[What the task requires]
Omit all pictures. Quote the lines from the one with "Dunloe Park_Carosel-02.jpg" through the end of the listing below, exactly as they appear.

[Supplied information]
━━━━━━━━

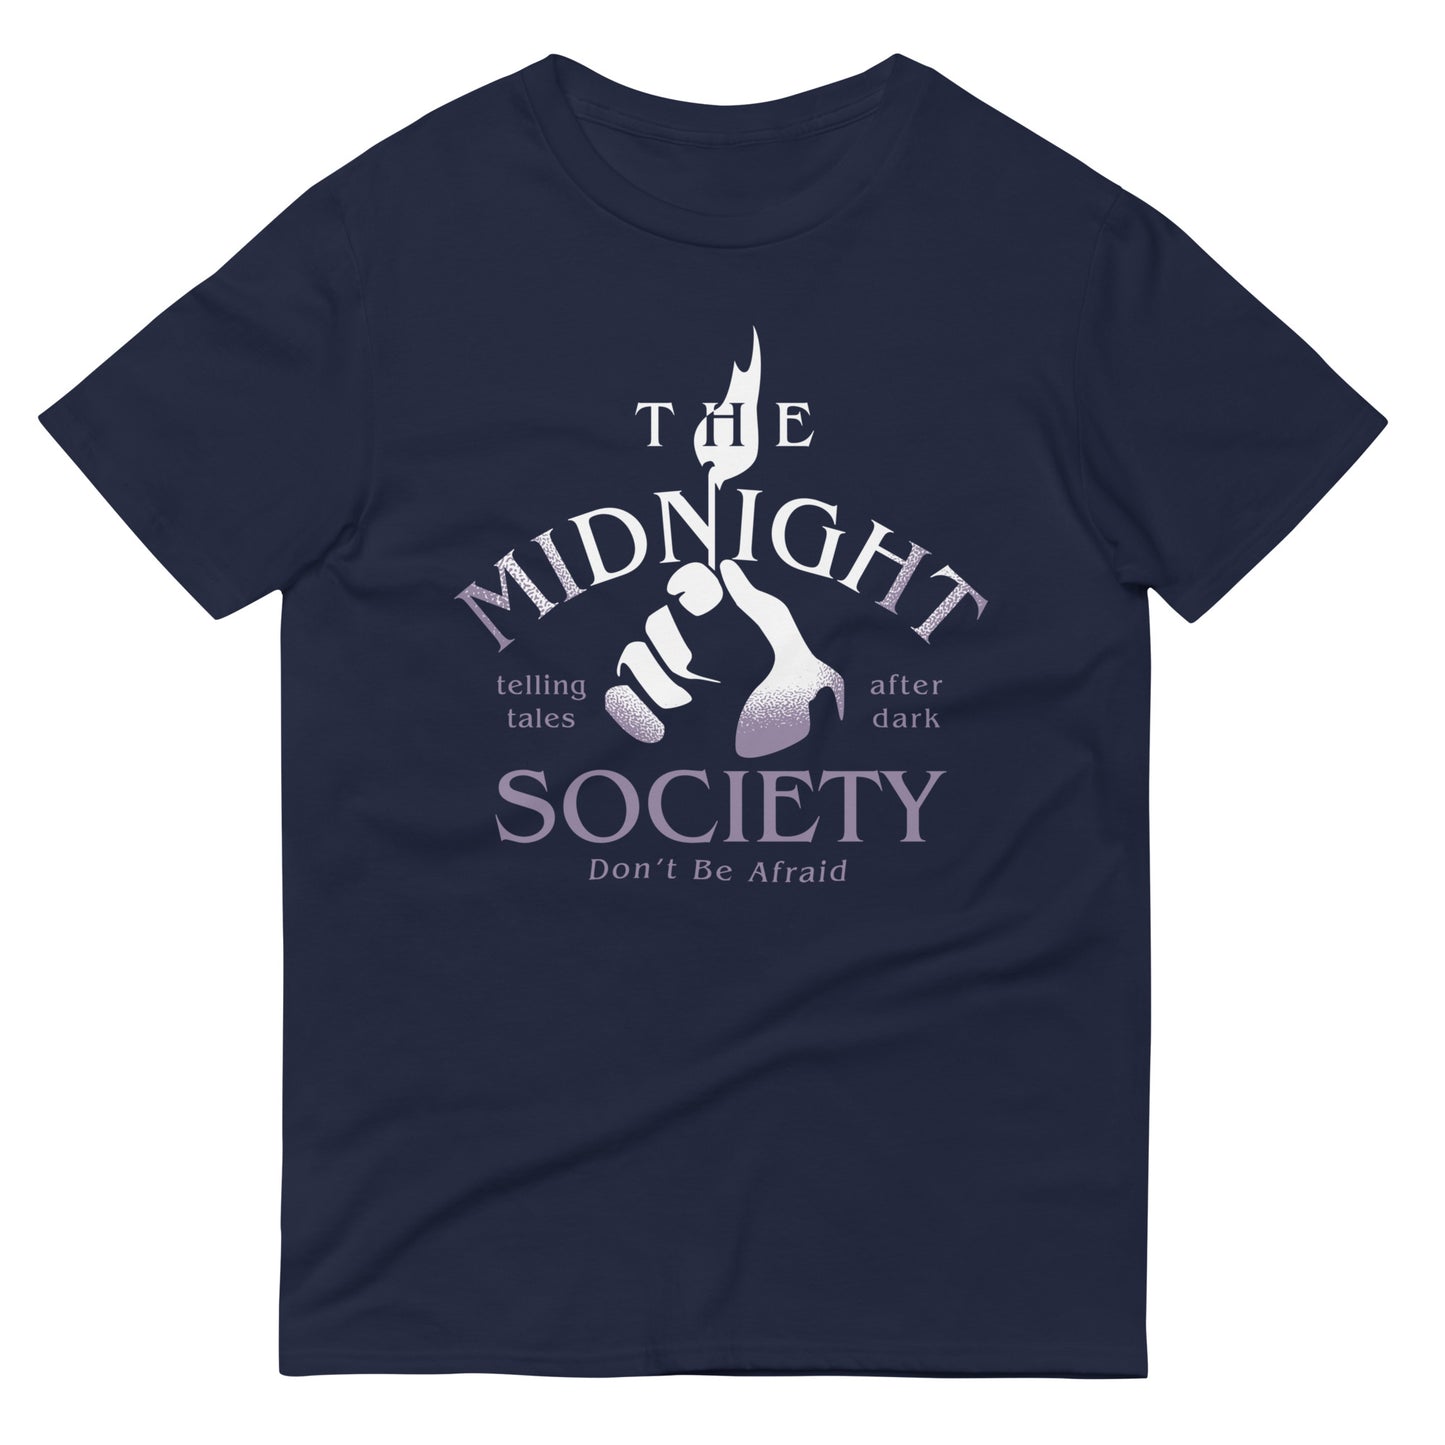 The Midnight Society Men's Signature Tee
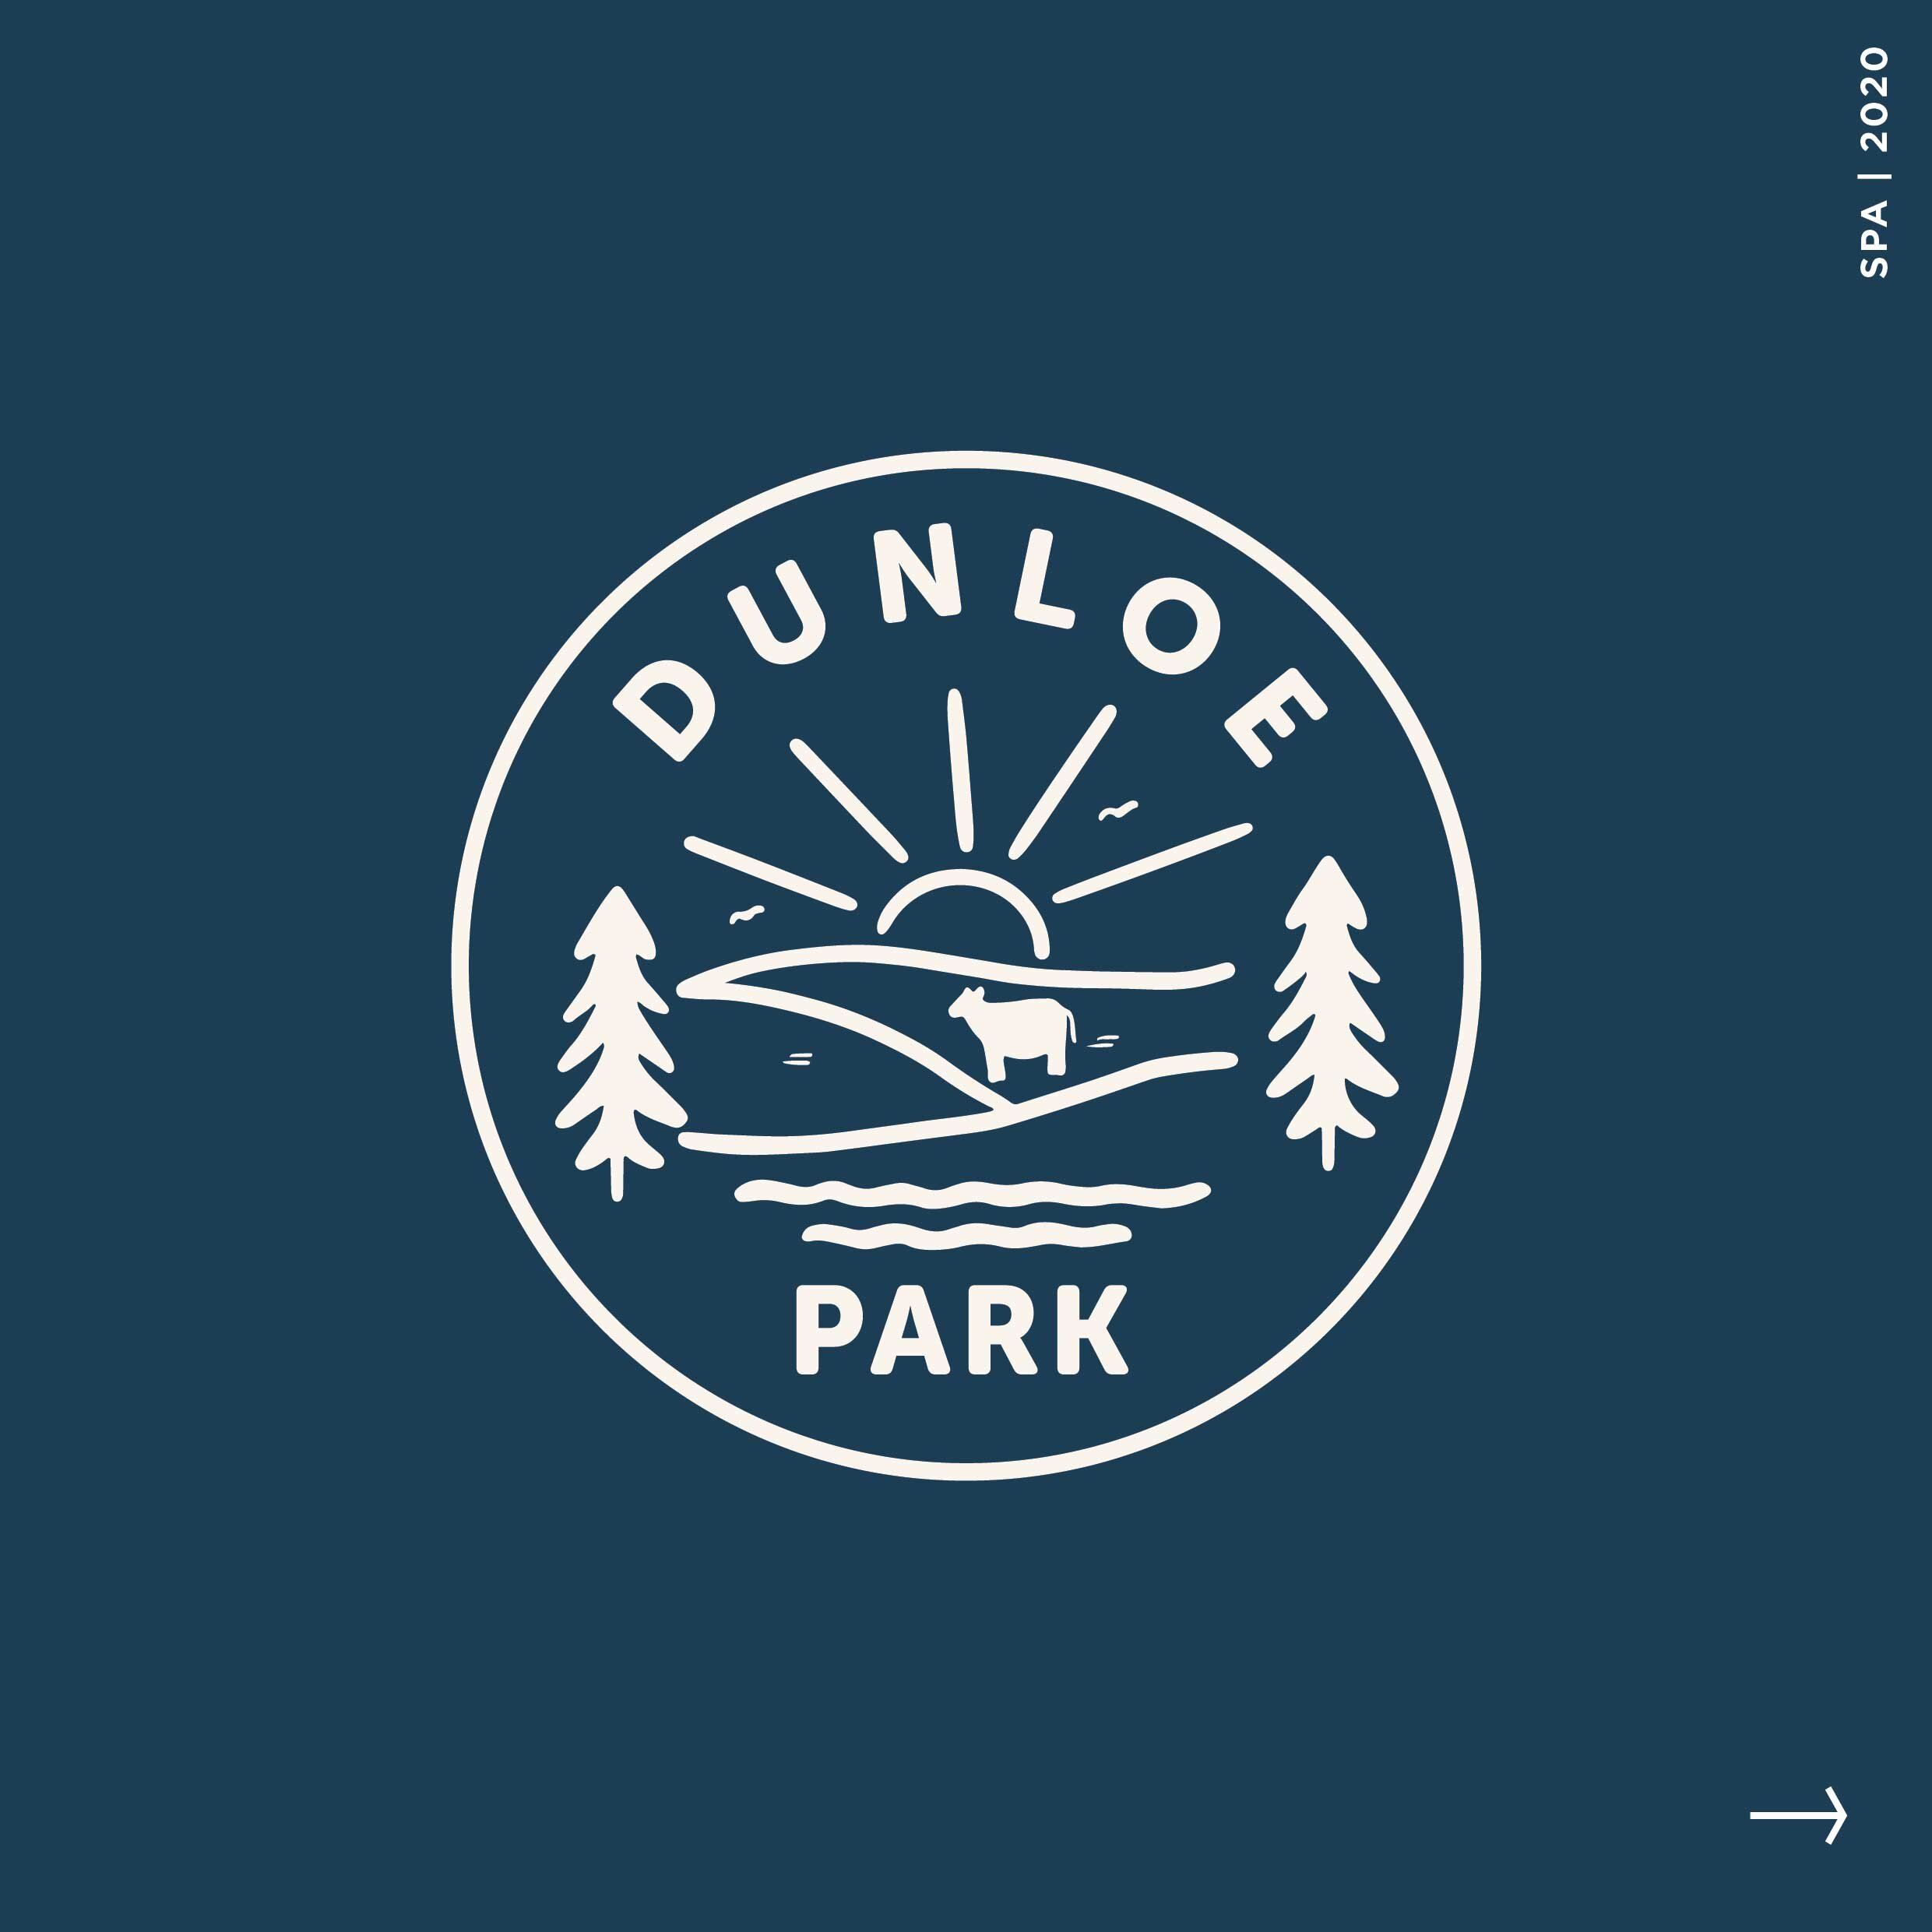 Dunloe Park_Carosel-02.jpg
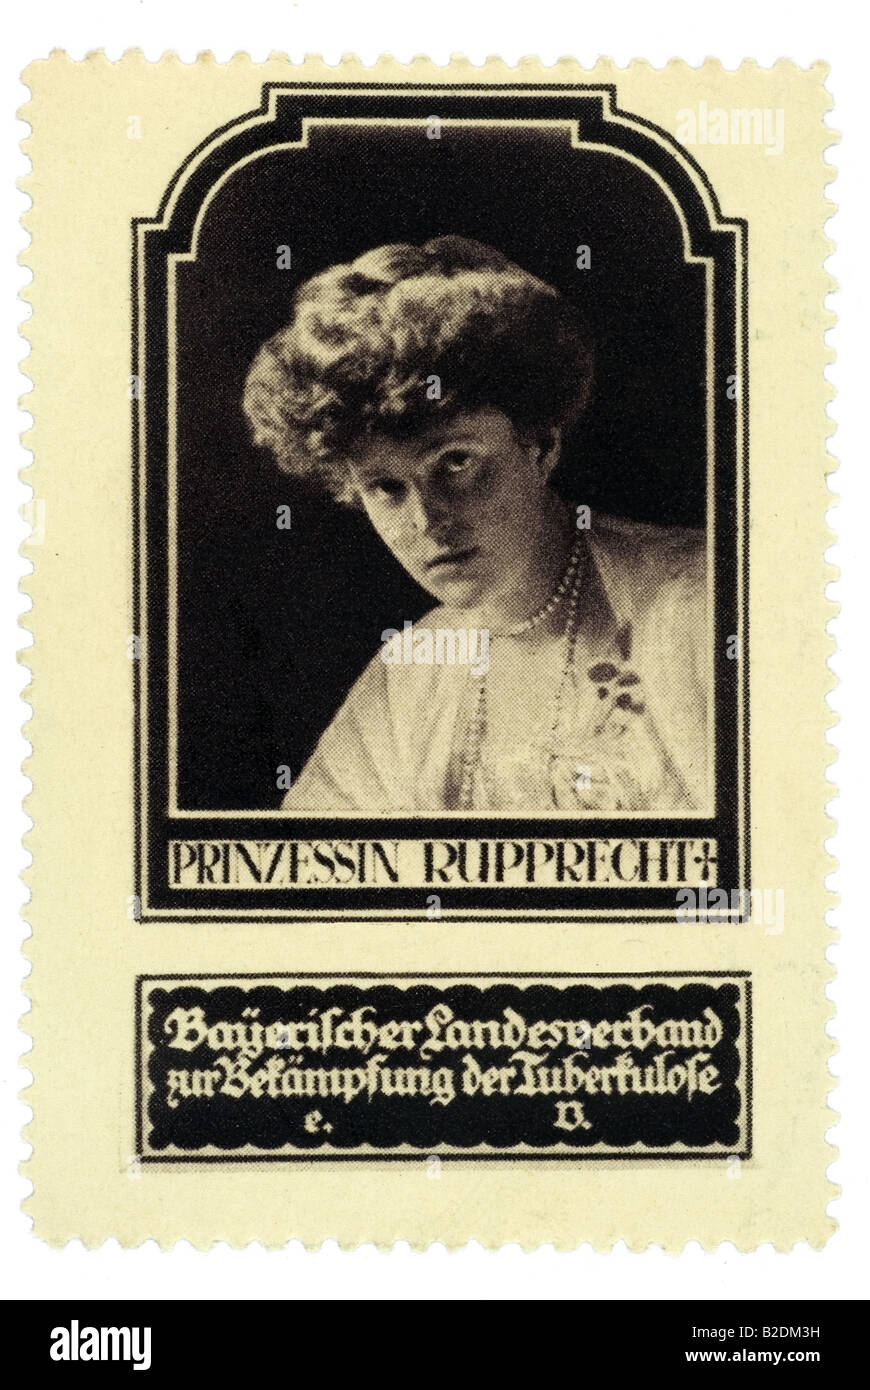 trading stamp Prinzessin Rupprecht Bayerischer Landesverbandt zur Bekämpfung der Tuberkulose Stock Photo

━━━━━━━━

[Result below]
 Dunloe Park_Carosel-02.jpg
 trading stamp Prinzessin Rupprecht Bayerischer Landesverbandt zur Bekämpfung der Tuberkulose Stock Photo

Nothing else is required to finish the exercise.